**What to produce**: Copy the full listing, changing nothing.
-- -- --
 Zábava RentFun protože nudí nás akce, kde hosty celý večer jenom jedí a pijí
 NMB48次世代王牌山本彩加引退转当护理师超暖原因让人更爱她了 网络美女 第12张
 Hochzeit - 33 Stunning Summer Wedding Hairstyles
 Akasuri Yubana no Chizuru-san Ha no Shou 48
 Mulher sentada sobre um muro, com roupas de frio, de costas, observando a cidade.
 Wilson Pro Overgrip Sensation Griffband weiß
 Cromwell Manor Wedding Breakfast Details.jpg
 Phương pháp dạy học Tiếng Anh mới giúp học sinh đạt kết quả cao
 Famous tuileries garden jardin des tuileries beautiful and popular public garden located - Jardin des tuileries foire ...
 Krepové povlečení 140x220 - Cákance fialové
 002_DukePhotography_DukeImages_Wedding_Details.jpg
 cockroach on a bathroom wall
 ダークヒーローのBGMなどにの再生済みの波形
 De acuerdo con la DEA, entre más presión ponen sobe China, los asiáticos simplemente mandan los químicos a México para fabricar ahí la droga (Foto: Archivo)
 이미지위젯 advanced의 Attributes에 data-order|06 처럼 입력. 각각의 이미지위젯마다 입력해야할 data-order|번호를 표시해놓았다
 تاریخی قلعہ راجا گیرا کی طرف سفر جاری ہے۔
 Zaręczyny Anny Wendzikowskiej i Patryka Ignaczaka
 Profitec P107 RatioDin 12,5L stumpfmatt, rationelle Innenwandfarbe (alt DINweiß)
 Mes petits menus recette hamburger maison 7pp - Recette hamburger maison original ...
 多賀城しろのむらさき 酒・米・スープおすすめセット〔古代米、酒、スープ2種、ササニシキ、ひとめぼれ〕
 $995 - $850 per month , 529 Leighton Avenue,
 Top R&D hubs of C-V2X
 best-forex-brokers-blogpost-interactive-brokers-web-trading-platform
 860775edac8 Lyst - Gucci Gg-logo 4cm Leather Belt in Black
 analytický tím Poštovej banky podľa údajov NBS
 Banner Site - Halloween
-- -- --
**Exercise response**:
 Zábava RentFun protože nudí nás akce, kde hosty celý večer jenom jedí a pijí
 NMB48次世代王牌山本彩加引退转当护理师超暖原因让人更爱她了 网络美女 第12张
 Hochzeit - 33 Stunning Summer Wedding Hairstyles
 Akasuri Yubana no Chizuru-san Ha no Shou 48
 Mulher sentada sobre um muro, com roupas de frio, de costas, observando a cidade.
 Wilson Pro Overgrip Sensation Griffband weiß
 Cromwell Manor Wedding Breakfast Details.jpg
 Phương pháp dạy học Tiếng Anh mới giúp học sinh đạt kết quả cao
 Famous tuileries garden jardin des tuileries beautiful and popular public garden located - Jardin des tuileries foire ...
 Krepové povlečení 140x220 - Cákance fialové
 002_DukePhotography_DukeImages_Wedding_Details.jpg
 cockroach on a bathroom wall
 ダークヒーローのBGMなどにの再生済みの波形
 De acuerdo con la DEA, entre más presión ponen sobe China, los asiáticos simplemente mandan los químicos a México para fabricar ahí la droga (Foto: Archivo)
 이미지위젯 advanced의 Attributes에 data-order|06 처럼 입력. 각각의 이미지위젯마다 입력해야할 data-order|번호를 표시해놓았다
 تاریخی قلعہ راجا گیرا کی طرف سفر جاری ہے۔
 Zaręczyny Anny Wendzikowskiej i Patryka Ignaczaka
 Profitec P107 RatioDin 12,5L stumpfmatt, rationelle Innenwandfarbe (alt DINweiß)
 Mes petits menus recette hamburger maison 7pp - Recette hamburger maison original ...
 多賀城しろのむらさき 酒・米・スープおすすめセット〔古代米、酒、スープ2種、ササニシキ、ひとめぼれ〕
 $995 - $850 per month , 529 Leighton Avenue,
 Top R&D hubs of C-V2X
 best-forex-brokers-blogpost-interactive-brokers-web-trading-platform
 860775edac8 Lyst - Gucci Gg-logo 4cm Leather Belt in Black
 analytický tím Poštovej banky podľa údajov NBS
 Banner Site - Halloween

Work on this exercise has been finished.